Fluorescence microscopy is a type of optical microscope that uses fluorescence and phosphorescence instead of or in addition to reflection and absorption to study the properties of organic or inorganic substances. Fluorescence is the emission of light from substances that absorb light or other electromagnetic radiation, while phosphorescence is a specific type of photoluminescence related to fluorescence. Unlike fluorescence, a phosphorescent material does not immediately re-emit the radiation it absorbs. Fluorescence microscopy was invented in the early twentieth century by August Kohler, Karl Reichert, and Heinrich Lehmann, among others.
Principles of Fluorescence Microscopy
Most cellular components are colorless and indistinguishable under a microscope. The basic premise of fluorescence microscopy is to stain parts with dyes.
Fluorescent dyes, also known as fluorophores or fluorochromes, are molecules that absorb excitation light at a given wavelength (usually UV). After a short delay, longer wavelength light is emitted. The delay between absorption and emission is negligible, typically on the order of nanoseconds.
Emission light can then be filtered from excitation light to reveal the location of the fluorophore.
Fluorescence microscopes use much higher intensity light to illuminate the sample. This light excites fluorescent substances in the sample, which then emit light at longer wavelengths.
The resulting image is based on the emission wavelength of the secondary light source or fluorophore, rather than from the light originally used to illuminate and excite the sample.
Working with Fluorescence Microscopy
Light at the excitation wavelength is focused on the specimen through the objective lens. The fluorescence emitted by the specimen is focused on the detector through the objective lens. Since most of the excitation light is transmitted through the sample, only the reflected excitation light reaches the objective along with the emitted light.
Fluorescence microscopy imaging modality
“Fluorescence microscope” refers to any microscope that uses fluorescence to generate images, whether it is a simpler setup like an epifluorescence microscope, or a more complex design like a confocal microscope, which uses optical sectioning for better resolution Fluorescence image.
Most fluorescence microscopes used are epifluorescence microscopes, in which the excitation of fluorophores and detection of fluorescence is accomplished through the same optical path (i.e. through the objective lens).
The components of a fluorescence microscope
a fluorescence microscope consists of Fluorescent dyes (fluorophores), a light source, dichroic mirror, Launch filter
Fluorescent dyes (fluorophores)
A fluorophore is a fluorescent compound that re-emits light when excited by light.
Fluorophores usually contain several combined aromatic groups or are planar or cyclic molecules with multiple π-bonds.
Many fluorescent dyes are designed for a range of biomolecules.
Some of these are small molecules that are inherently fluorescent and bind biomolecules of interest.
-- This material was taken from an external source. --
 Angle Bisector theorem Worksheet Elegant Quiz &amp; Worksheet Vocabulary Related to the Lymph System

Prime examples of these are nucleic acid stains such as DAPI and Hoechst, and phalloidin for staining actin fibers in mammalian cells.
A light source
Four main types of light sources are used, including xenon arc lamps or mercury vapor lamps with excitation filters, lasers, and high-power LEDs.
Lasers are mainly used in complex fluorescence microscopy techniques, while xenon lamps, mercury lamps, and LEDs with dichroic excitation filters are often used in widefield epi-fluorescence microscopy.
Excitation filter
Exciters are typically bandpass filters that pass only the wavelengths absorbed by the fluorophore, thereby minimizing excitation from other sources of fluorescence and blocking excitation light in the fluorescence emission band.
Dichroic mirror
A dichroic filter, or thin film filter, is a very precise color filter used to selectively pass light from a small range of colors while reflecting other colors.
Launch filter
The emitter is usually a bandpass filter that only passes the wavelength emitted by the fluorophore and blocks all unwanted light outside that band—especially excitation light.
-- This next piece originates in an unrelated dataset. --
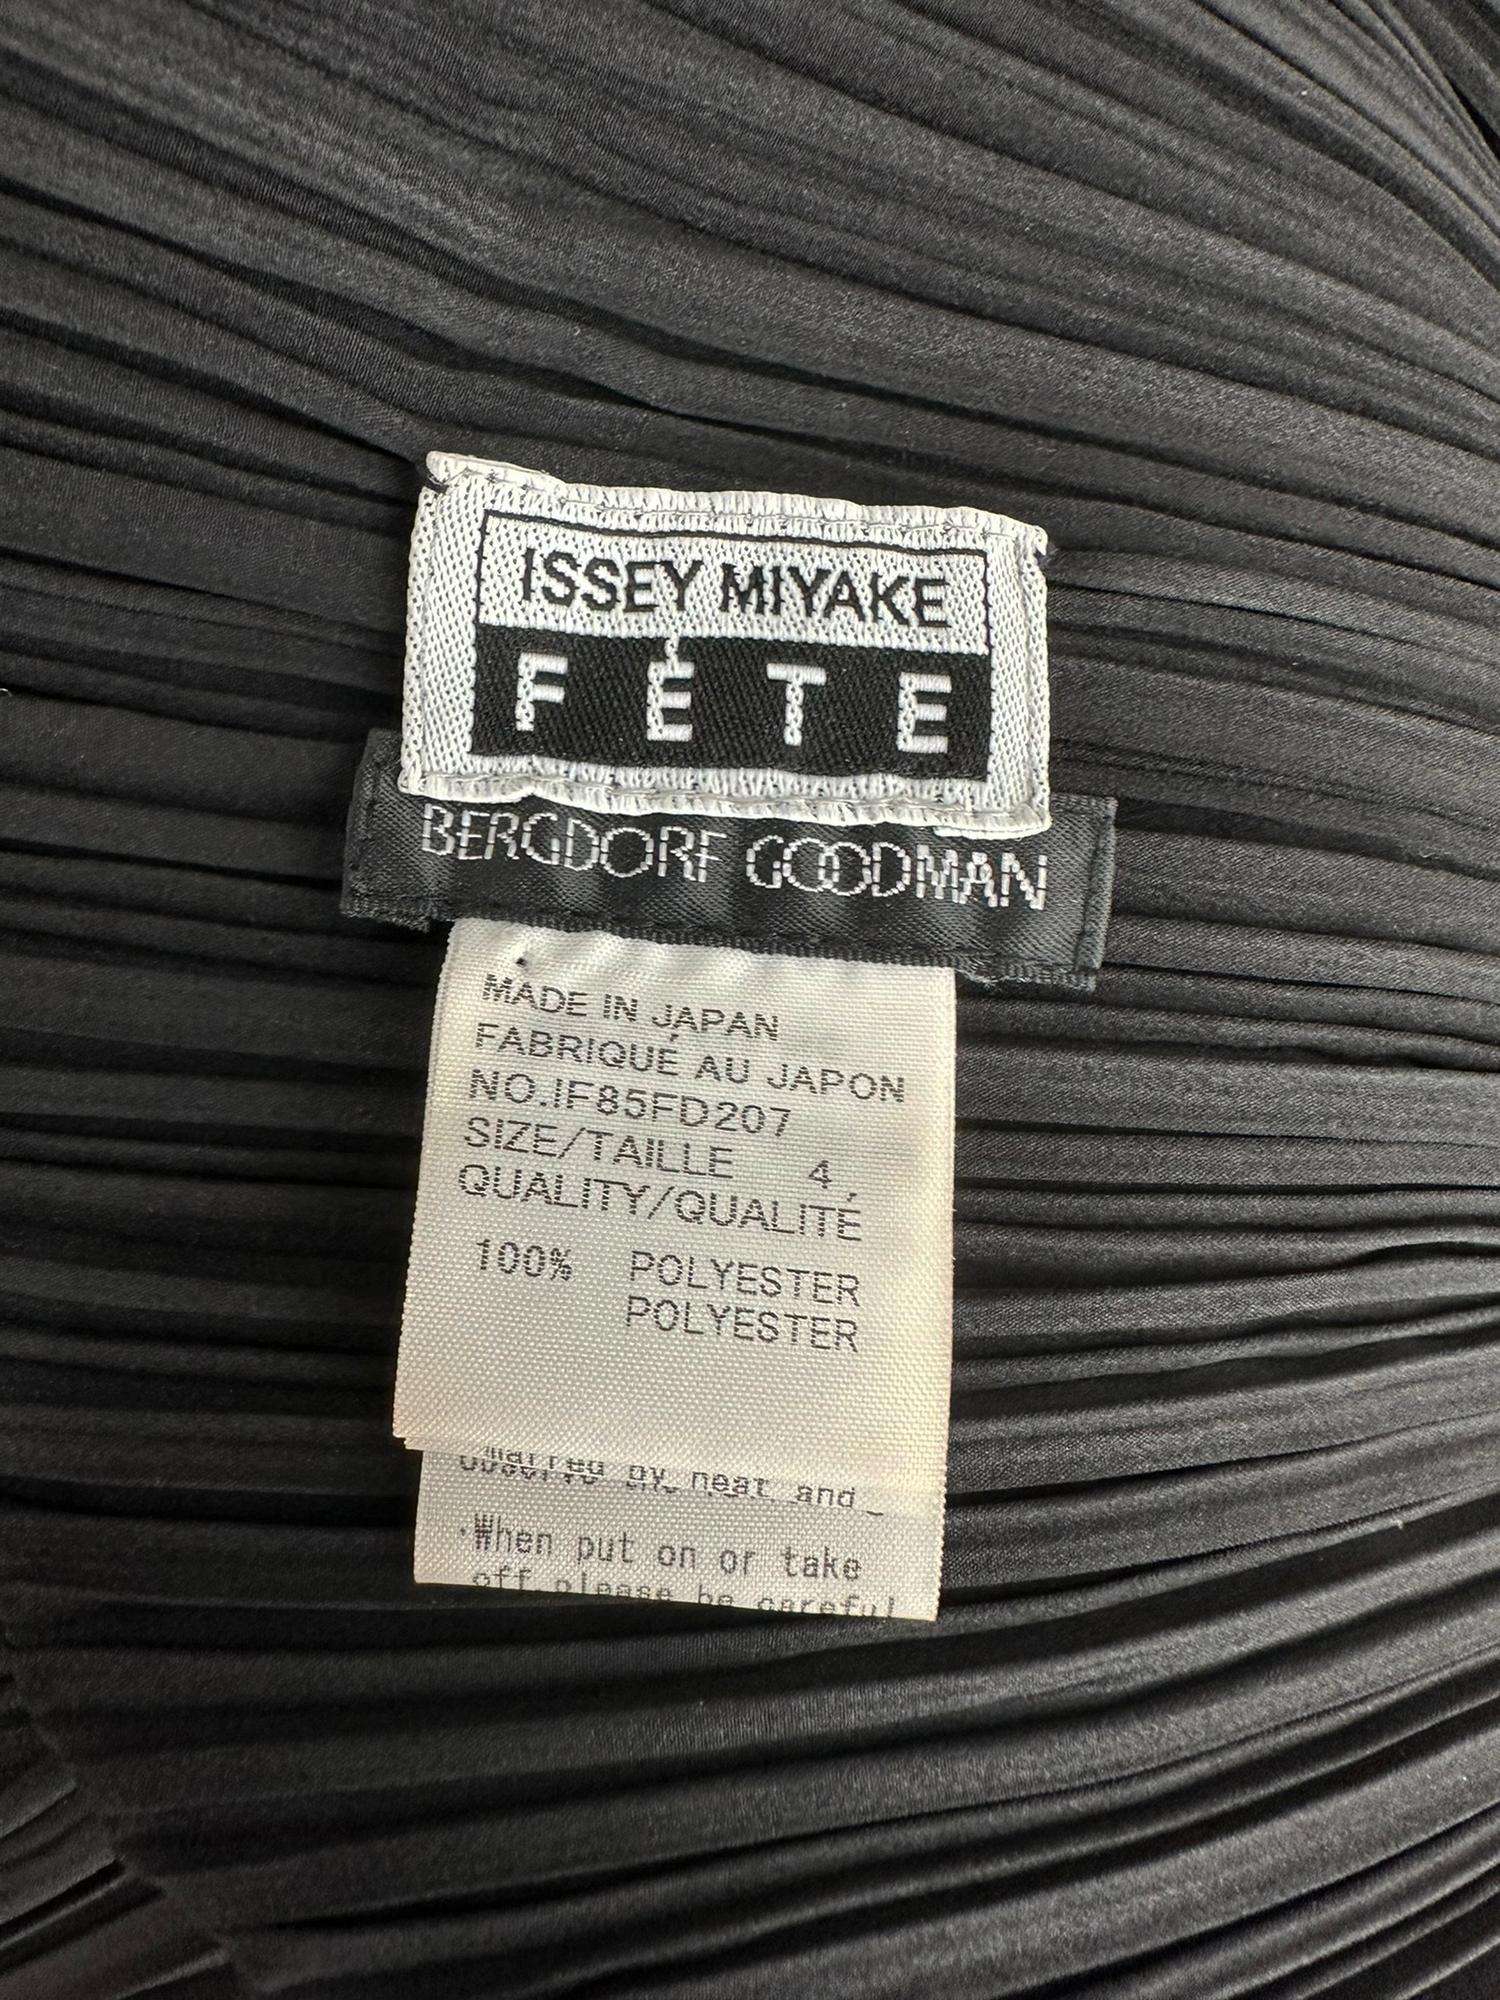 Issey Miyake Fete 2pc Jacket & Pant Black Pleats with Open Mesh Insertion Size 4 8

Filters ensure the darkest possible background by blocking unwanted excitation energy (including UV and IR) or sample and system autofluorescence.
Applications of Fluorescence Microscopy
Identify structures in fixed and living biological samples.
Fluorescence microscopy is a common tool in life science research today as it allows the use of multicolor staining, labeling of structures within cells, and measurement of the physiological state of cells.
Advantages of Fluorescence Microscope
Fluorescence microscopy is the most popular method for studying the dynamic behavior exhibited in live-cell imaging.
This stems from its ability to isolate individual proteins with a high degree of specificity amidst non-fluorescing material.
The sensitivity is high enough to detect as few as 50 molecules per cubic micrometer.
Different molecules can now be stained with different colors, allowing multiple types of molecules to be tracked simultaneously.
These factors combine to give fluorescence microscopy a clear advantage over other optical imaging techniques, for both in vitro and in vivo imaging.